Start of Provided material
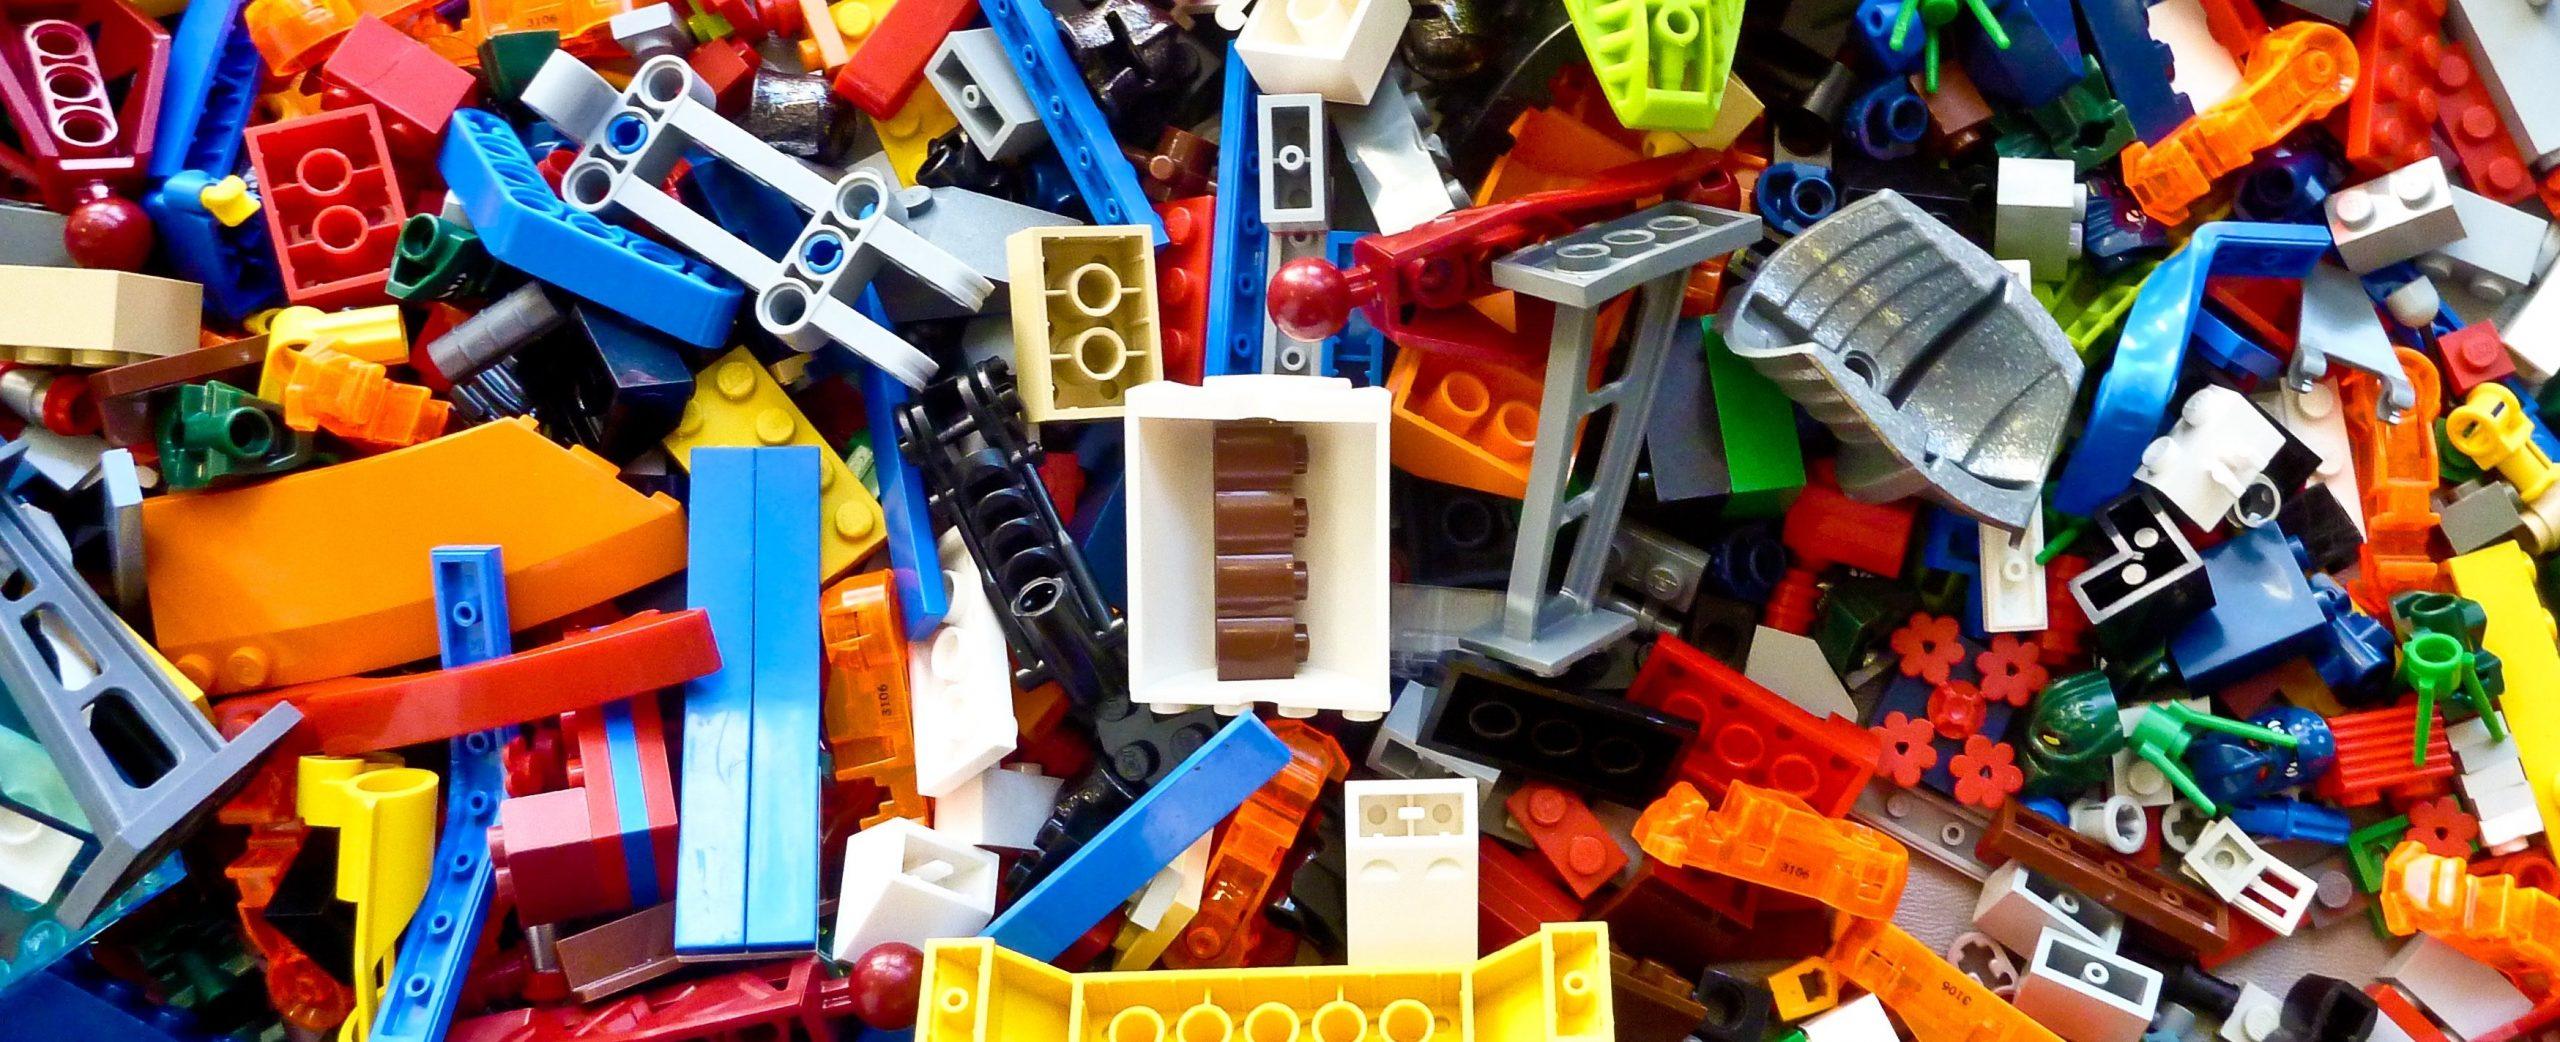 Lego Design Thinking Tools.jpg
End of Provided material
Start of Provided material
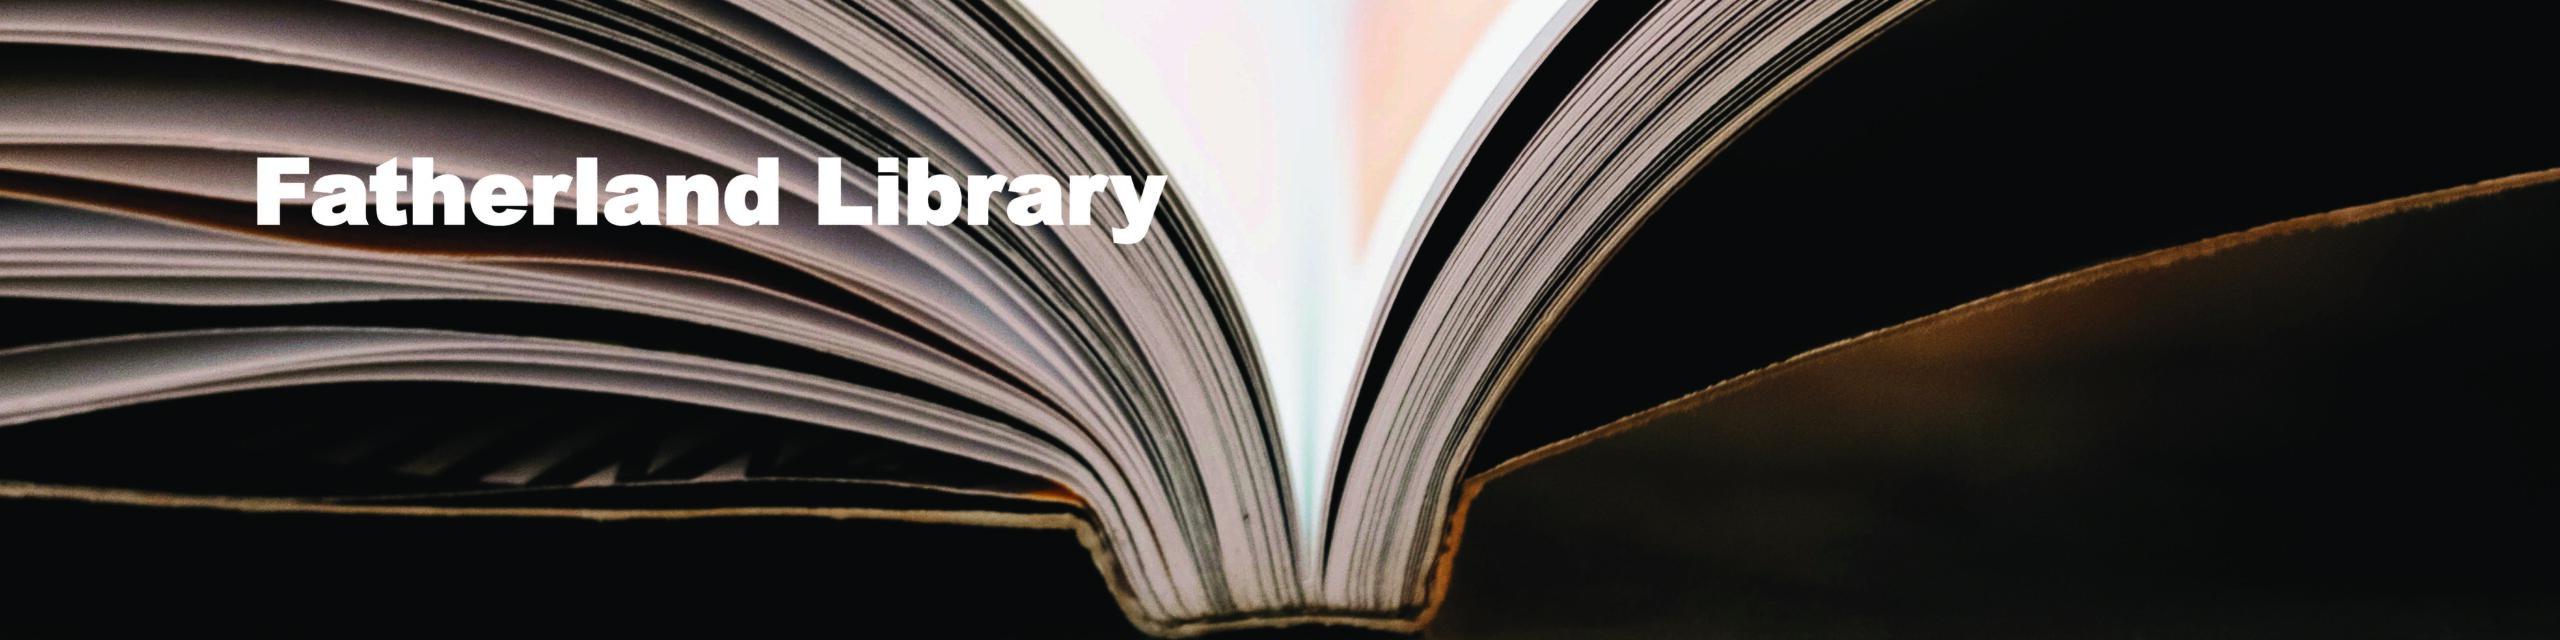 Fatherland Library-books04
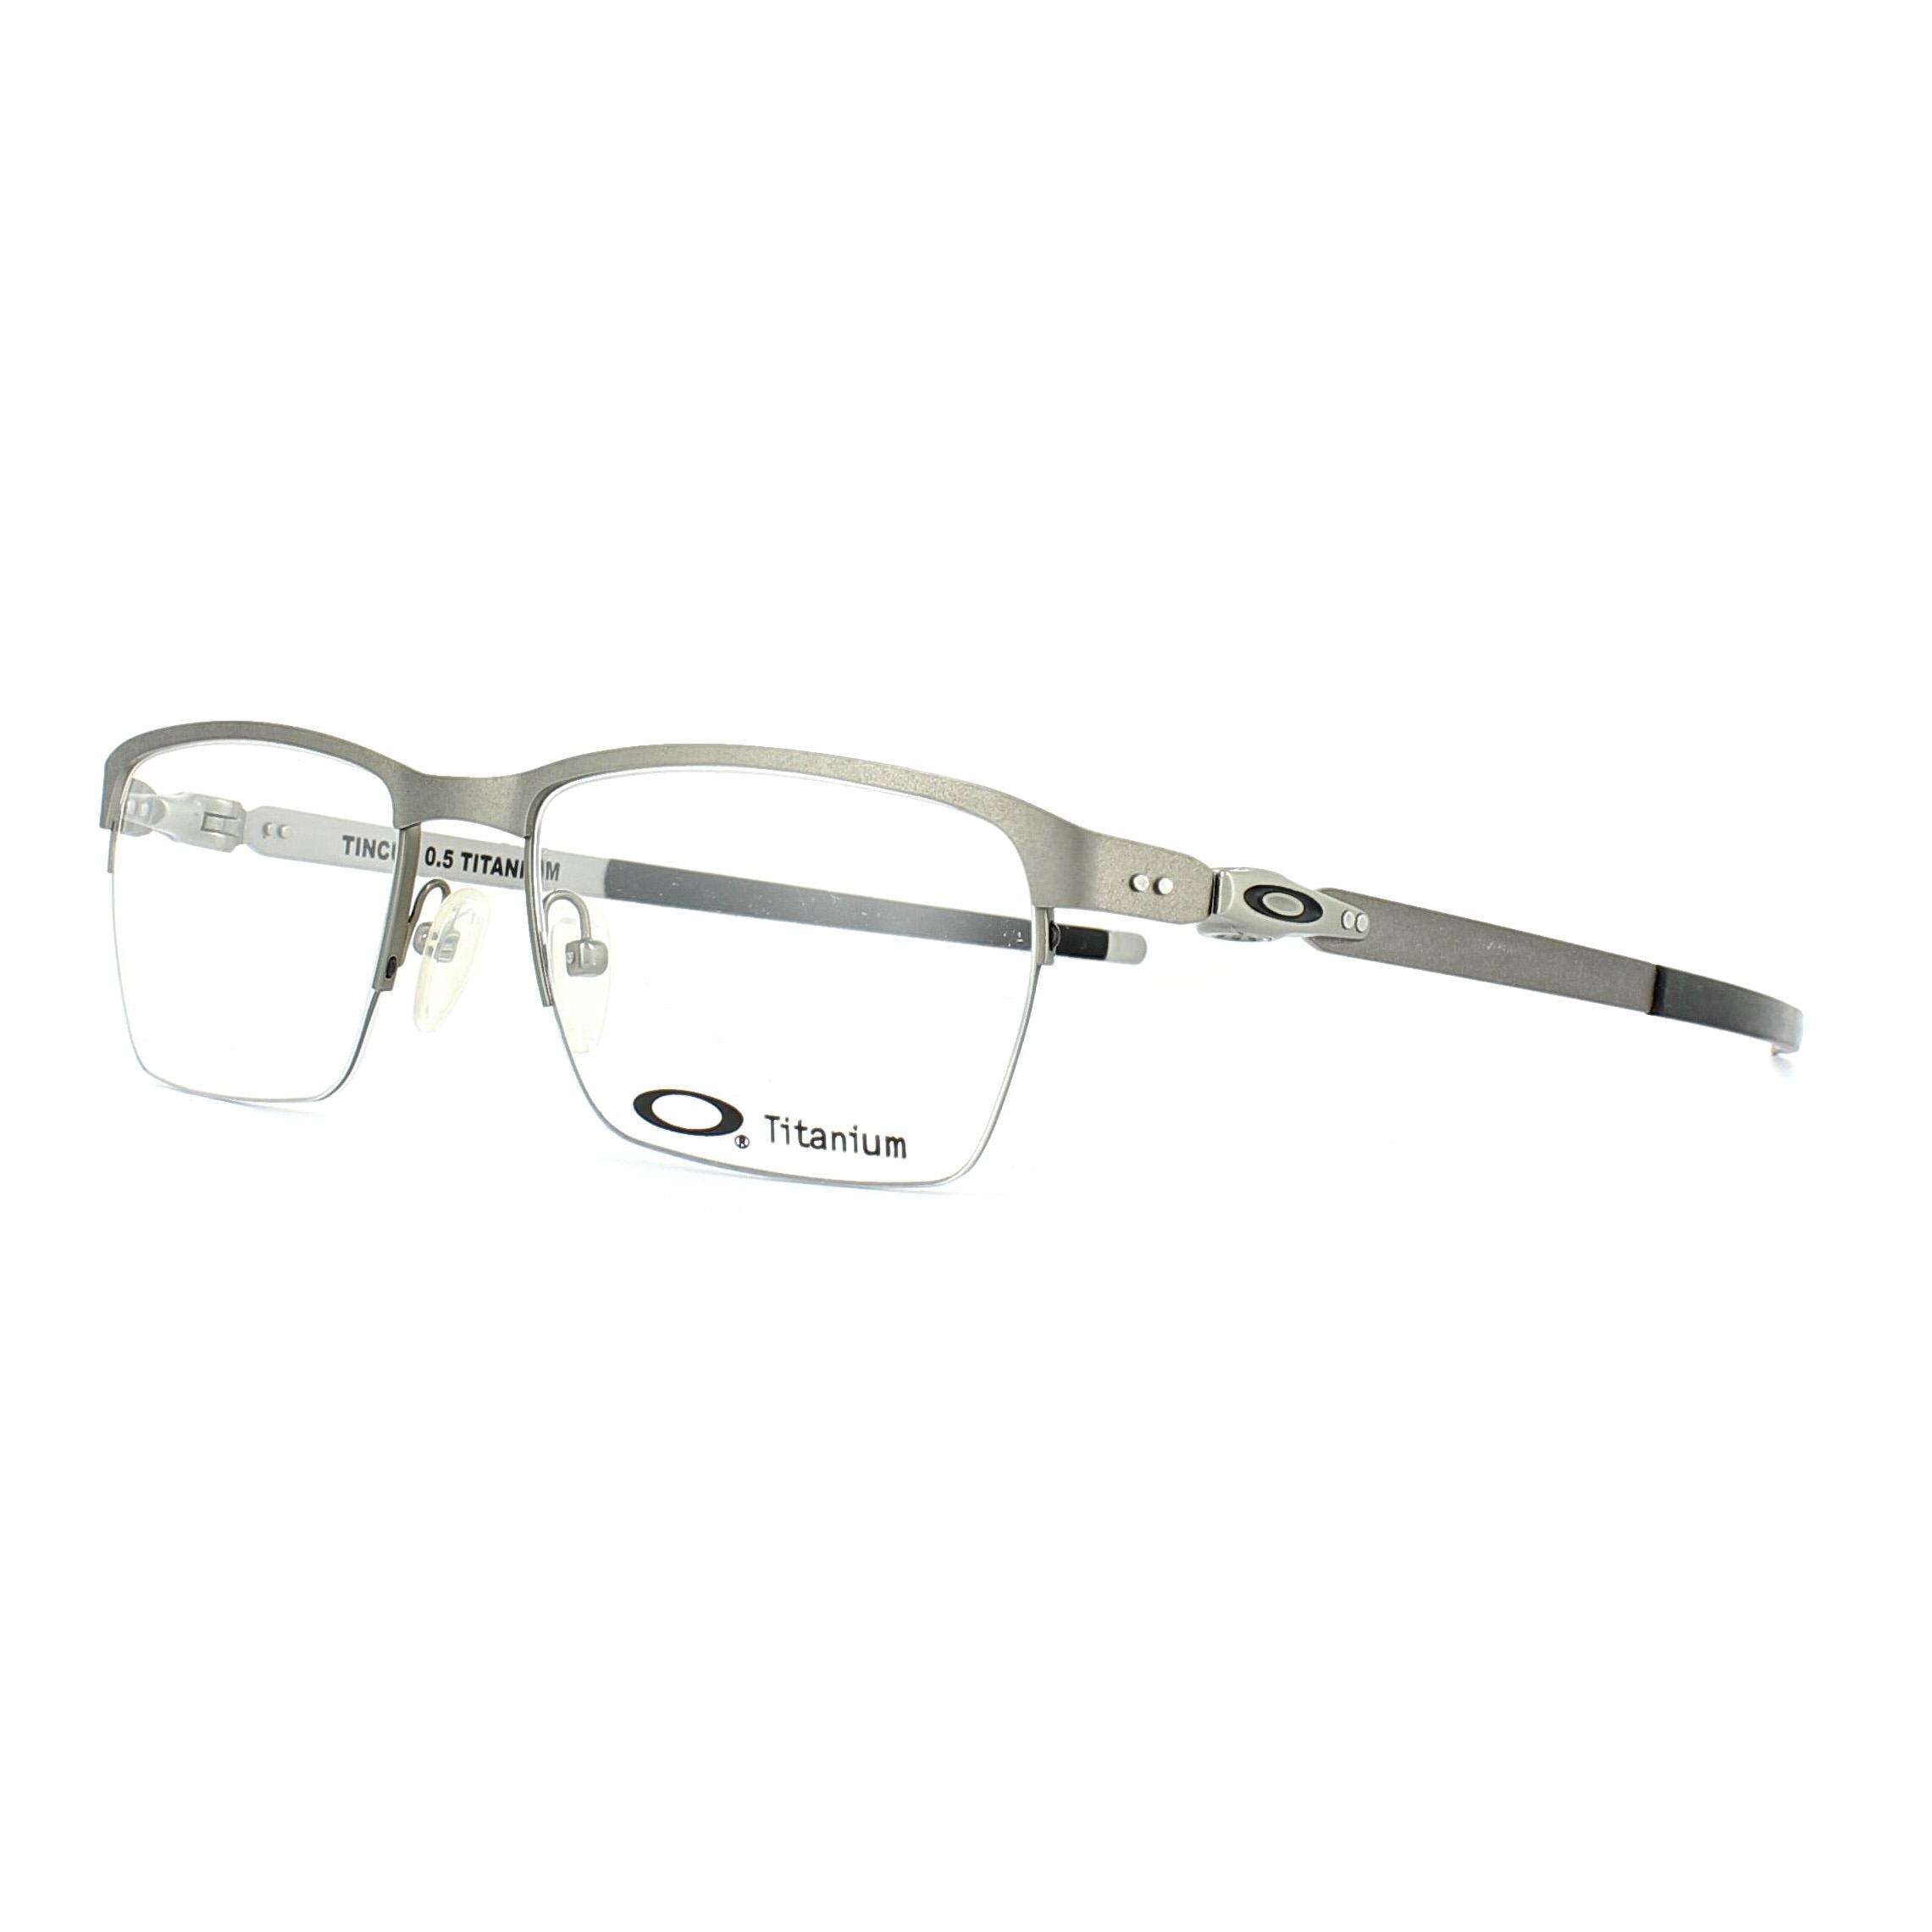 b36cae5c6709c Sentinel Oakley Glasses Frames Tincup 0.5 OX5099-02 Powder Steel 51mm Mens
End of Provided material
— Required work —
Using the data above, print only the lines starting at the one with "Fatherland Library-books04" and ending at the one with "b36cae5c6709c Sentinel Oakley", exactly as they stand, minus the pictures.

— Your solution —
 Fatherland Library-books04
 b36cae5c6709c Sentinel Oakley Glasses Frames Tincup 0.5 OX5099-02 Powder Steel 51mm Mens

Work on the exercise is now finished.